895.525 Participation in recreational activities.
(1) LEGISLATIVE PURPOSE. The legislature intends by this section to activities in order to decrease uncertainty regarding the legal responsibility for deaths or injuries that result from participation in recreational activities and thereby to help assure the continued availability in this state of enterprises that offer recreational activities to the public.
(2) DEFINITION. In this section, “recreational activity” means any activity undertaken for the purpose of exercise, relaxation or pleasure, including practice or instruction in any such activity. “Recreational activity” includes hunting, fishing, trapping, camping, bowling, billiards, picnicking, exploring caves, nature study, dancing, bicycling, horseback riding, horseshoe–pitching, bird– watching, motorcycling, operating an all–terrain vehicle, ballooning, curling, throwing darts, hang gliding, hiking, tobogganing, sledding, sleigh riding, snowmobiling, skiing, skating, participation in water sports, weight and fitness training, sight–seeing, rock–climbing, cutting or removing wood, climbing observation towers, animal training, harvesting the products of nature, sport shooting and any other sport, game or educational activity.
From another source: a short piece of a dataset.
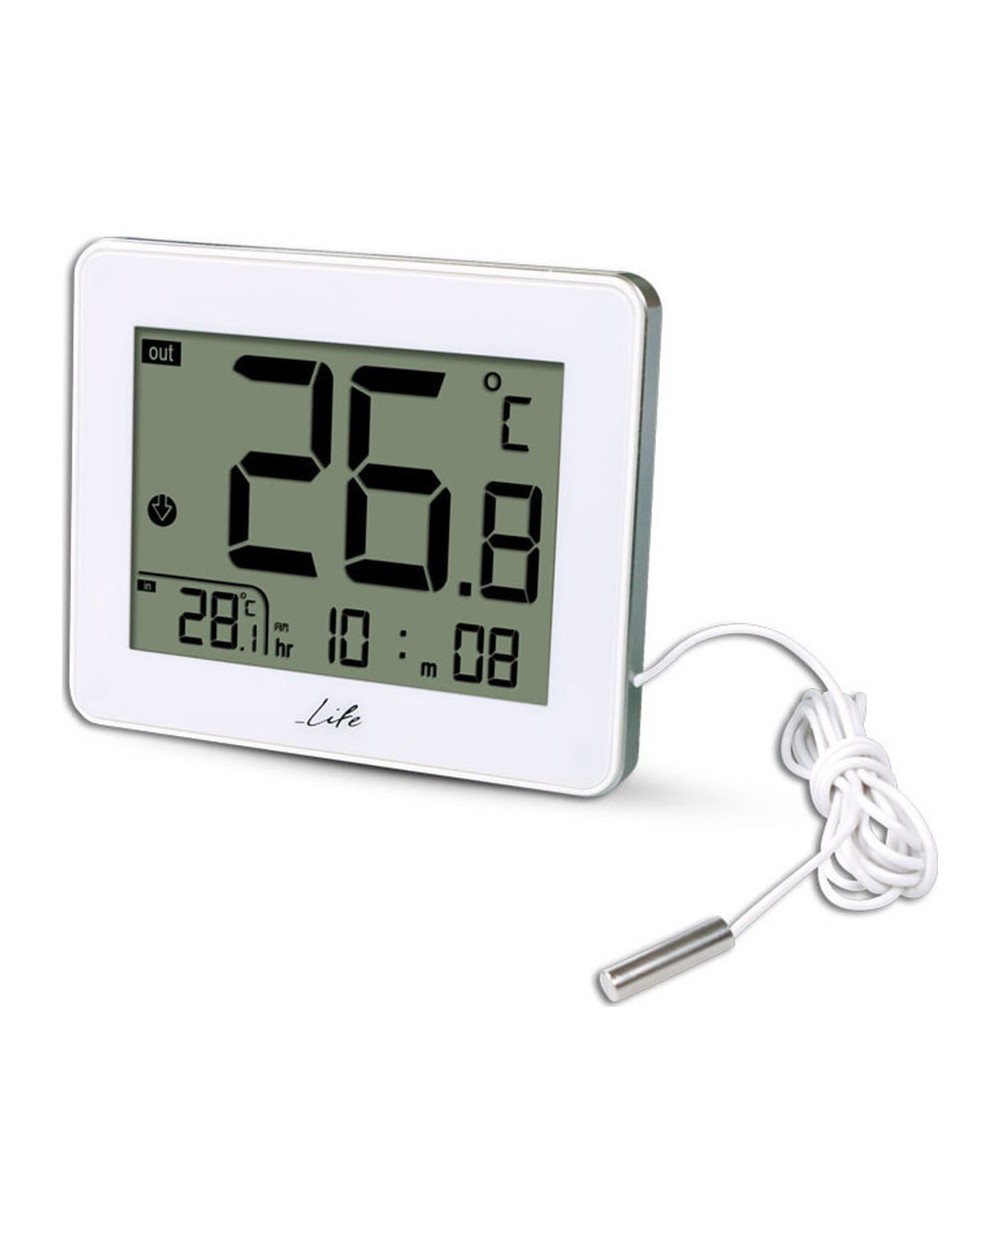 Ψηφιακό θερμόμετρο  θερμοκρασίας, με ενσύρματο αισθητήρα και ρολόι LIFE CORDY , σε λευκό
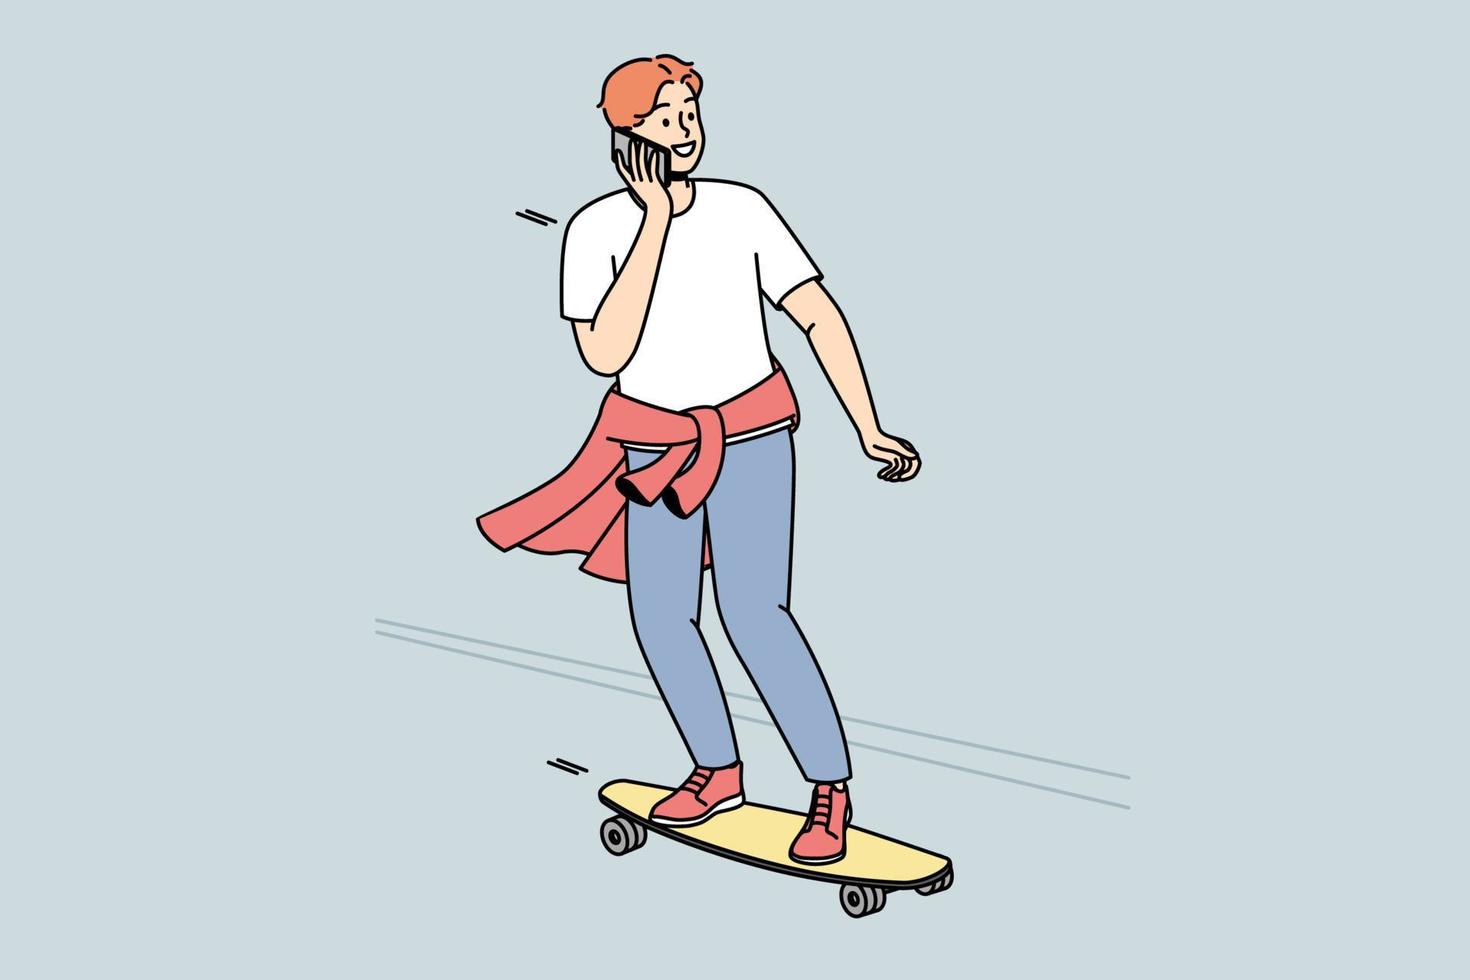 Der Typ rollt auf dem Skateboard die Straße hinunter und telefoniert gleichzeitig mit dem Handy. Junge übt Skateboarding im Freien. Teenager bewegt sich auf dem Longboard auf der Straße, chattet auf dem Smartphone. Vektorgrafiken in Farbe. vektor

(3) APPRECIATION OF RISK. A participant in a recreational activity engaged in on premises owned or leased by a person who offers facilities to the general public for participation in recreational activities accepts the risks inherent in the recreational activity of which the ordinary prudent person is or should be aware. In a negligence action for recovery of damages for death, personal injury or property damage, conduct by a participant who accepts the risks under this subsection is contributory negligence, to which the comparative negligence provisions of s. 895.045 shall apply.
(4) RESPONSIBILITIES OF PARTICIPANTS.
(a) A participant in a recreational activity engaged in on premises owned or leased by a person who offers facilities to the general public for participation in recreational activities is responsible to do all of the following:
1. Act within the limits of his or her ability.
2. Heed all warnings regarding participation in the recreation-al activity.
3. Maintain control of his or her person and the equipment, devices or animals the person is using while participating in the recreational activity.
4. Refrain from acting in any manner that may cause or con-tribute to the death or injury to himself or herself or to other per-sons while participating in the recreational activity.
(b) A violation of this subsection constitutes negligence. The comparative negligence provisions of s. 895.045 apply to negligence under this subsection.
(4m) LIABILITY OF CONTACT SPORTS PARTICIPANTS.
(a) A participant in a recreational activity that includes physical contact between persons in a sport involving amateur teams, including teams in recreational, municipal, high school and college leagues, may be liable for an injury inflicted on another participant during and as part of that sport in a tort action only if the participant who caused the injury acted recklessly or with intent to cause injury.
(b) Unless the professional league establishes a clear policy with a different standard, a participant in an athletic activity that includes physical contact between persons in a sport involving professional teams in a professional league may be liable for an injury inflicted on another participant during and as part of that sport in a tort action only if the participant who caused the injury acted recklessly or with intent to cause injury.
(5) EFFECT ON RELATED PROVISION. Nothing in this section affects the limitation of property owners’ liability under s. 895.52. History: 1987 a. 377; 1995 a. 223, 447; 1997 a. 242. NOTE: 1987 Wis. Act 377, which created this section, has a prefatory note explaining the act. This section codifies common law. It does not impose a greater duty of care on individuals than exists at common law. Rockweit v. Senecal, 197 W (2d) 409, 541 NW (2d) 742 (1995).